Main Content
Session Information
02 SES 12 A, VET Teachers as Thoughtful and Competent Actors
Paper Session
Contribution
The University of Porto, through a researchers team from the Centre for Research and Intervention in Education of the Faculty of Psychology and Education Sciences, integrates an European project named «Xeno-Tolerance: Supporting VET teachers and trainers to prevent radicalisations». The project main goal is to equip/train teachers to prevent radicalisation among learners, as «first liners» professionals who contact directly with young people in marginalisation, with the support from theoretical tools and practical resources to work at the levels of prevention, detection and/or reaction towards attitudes of discrimination and xenophobia, which can lead to radicalisation.
The concept of radicalisation started to have prominence in public texts about terrorism, in the turn of the year 2005 (Hörnqvist & Flyghed, 2012: 319), and «is usually understood as a process by which an individual or group comes to adopt increasingly extreme political, social or religious ideals and aspiration that reject or undermine the status quo”» (Wilner & Dubouloz, 2009 cit inSieckelinck, Kaulingfreks & De Winter, 2015: 330[1]).
Considering Portuguese social, and cultural, reality the radicalisation concept is here assumed as being related with the construction of personal identity, which might be influenced by vulnerable contexts that potentiate the exclusion of fragile social and economic groups. That is why we want to pose the following question: «Can we think that radicalisation is an election of the society we live? (Hörnqvist & Flyghed, 2012: 320).
In the other hand we also believe that is important to consider, under the school context, the acknowledgement and awareness about diversity, and how is important to understand different cultural meanings (Cortesão & Cuale, 2011).
Is under this framework of ideas that this research is located. It constitutes an empirical clipping from the Xeno Tolerance project, supported by data that we collect about the vision of a group of teachers who work on the front line, with students who are at the end of that line in terms of their educational trajectory. We assumed that the needs pointed out by teachers could be seen as factors that can conduct to radicalisations processes in its wider conceptualisation, that is why was important to hear from them.
Specifically, the objetives of this reserche are: i) to to identify the difficulties teachers face in their daily work; as well as ii) to characterize ways to overcome those difficulties according to the hard publics they work with; and iii) to identify strategies focusing on how they organise a pedagogical and alternative answer to these considered marginalised students.
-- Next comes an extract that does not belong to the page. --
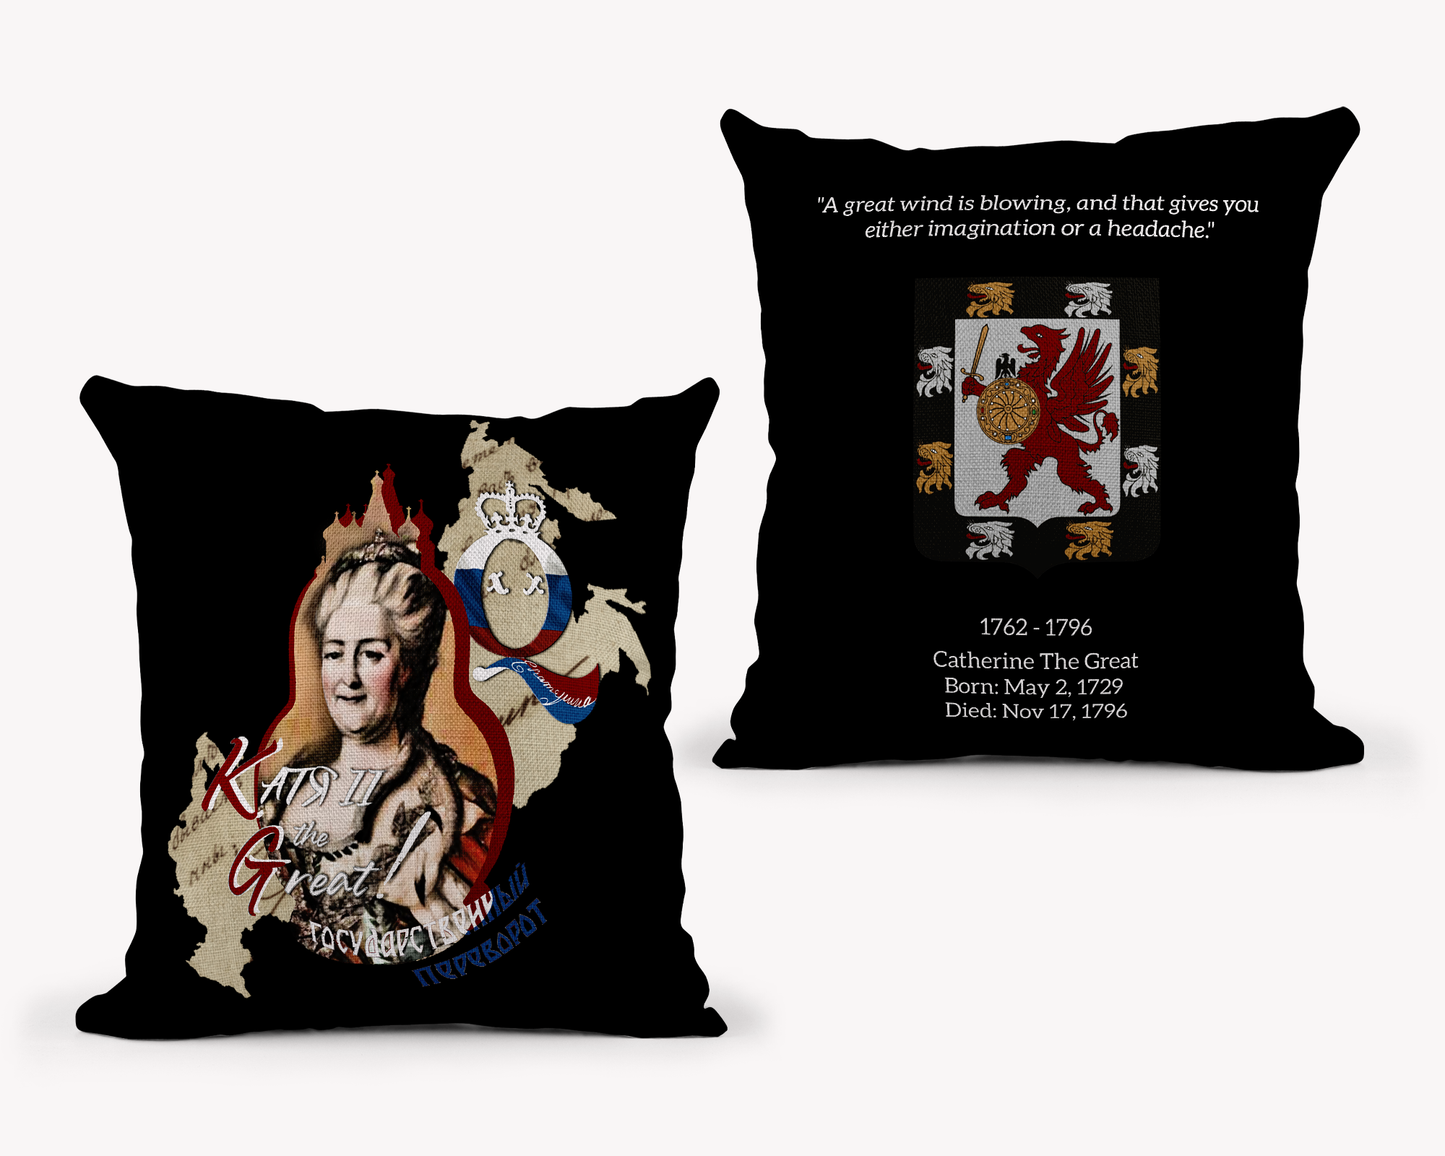 Catherine The Great Pillow Cover - Black - 22x22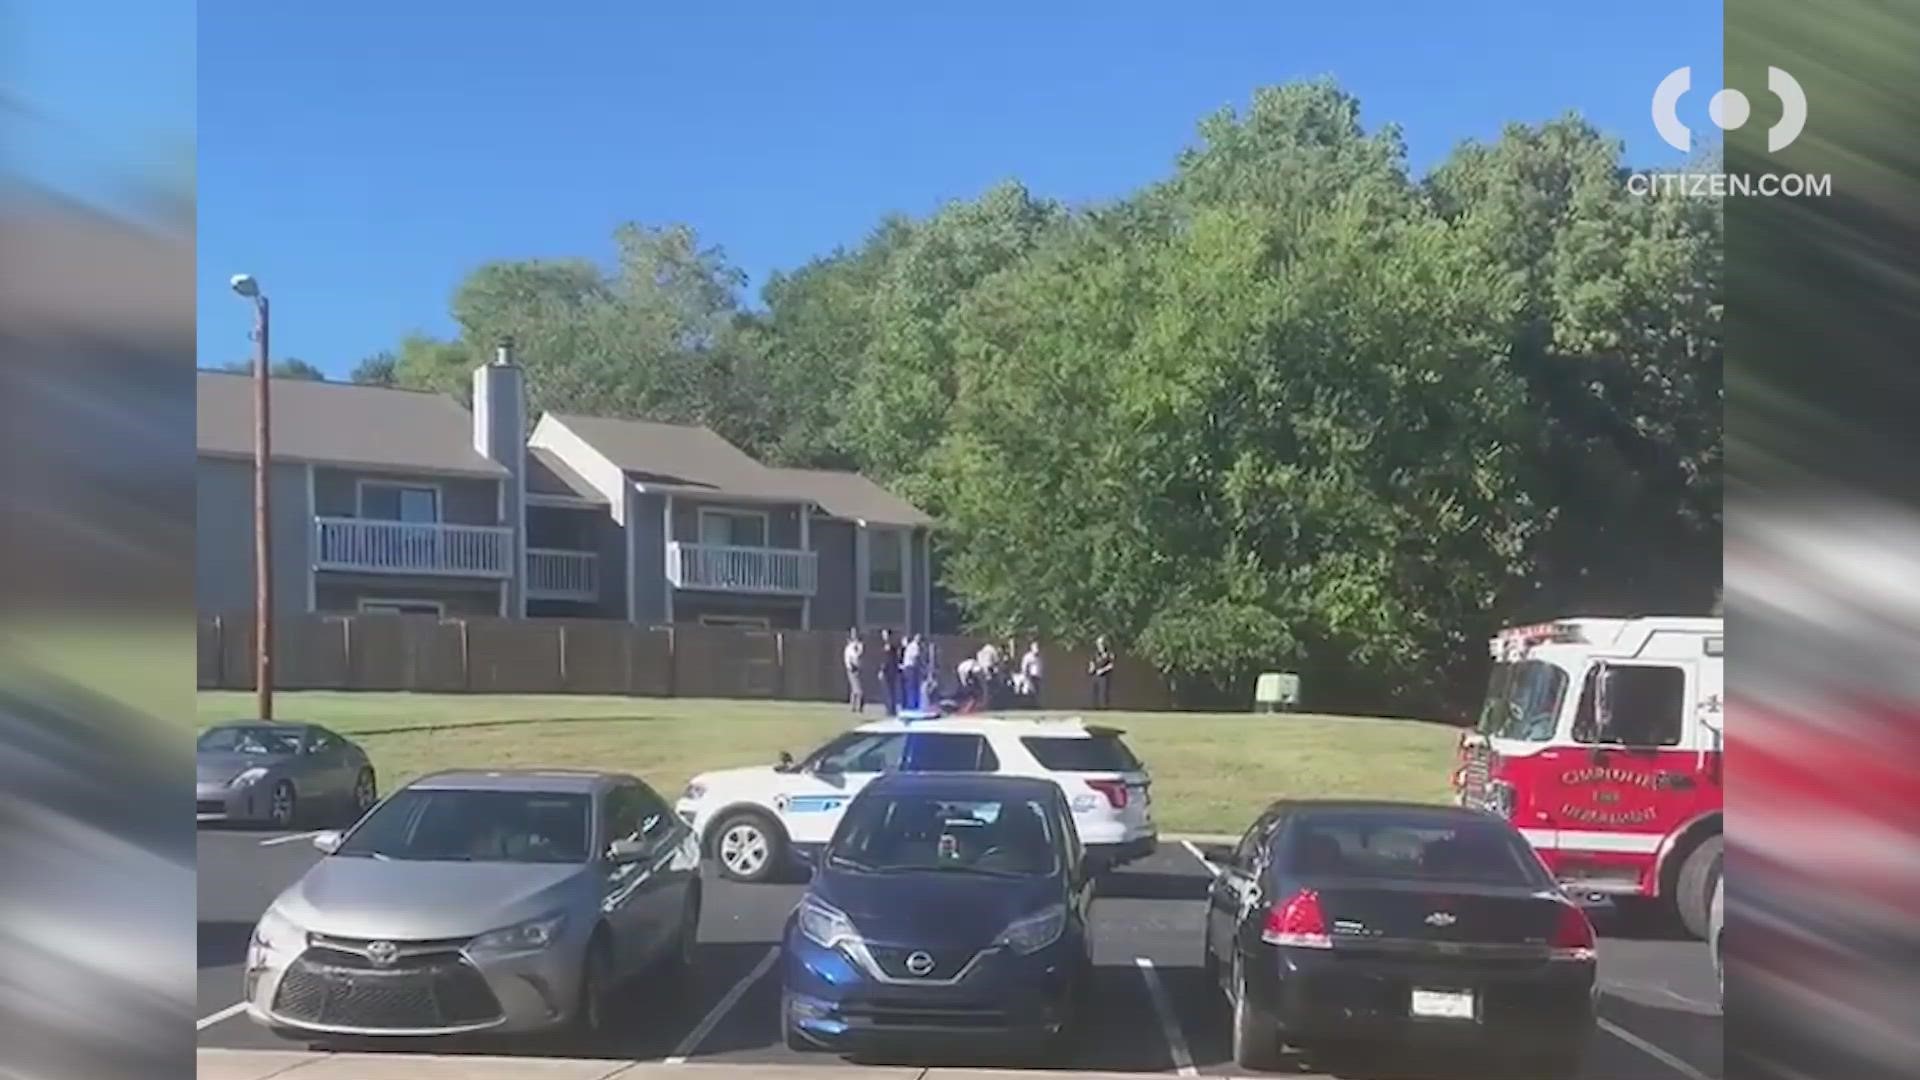 Citizen App video shows CMPD taken a possible shooting suspect into custody in south Charlotte.

We believe that this constitutes a new possibility of reconciliation of students with the school through adapted pedagogical models of vocational/professional education, as the key for their “lifelong learning” (Misra, 2011) as well as a strategy to build with them a personal, safe and respectful way of live. In this way we believe it will be also possible, through school, to prevent the risk of these students fall in radicalisation paths.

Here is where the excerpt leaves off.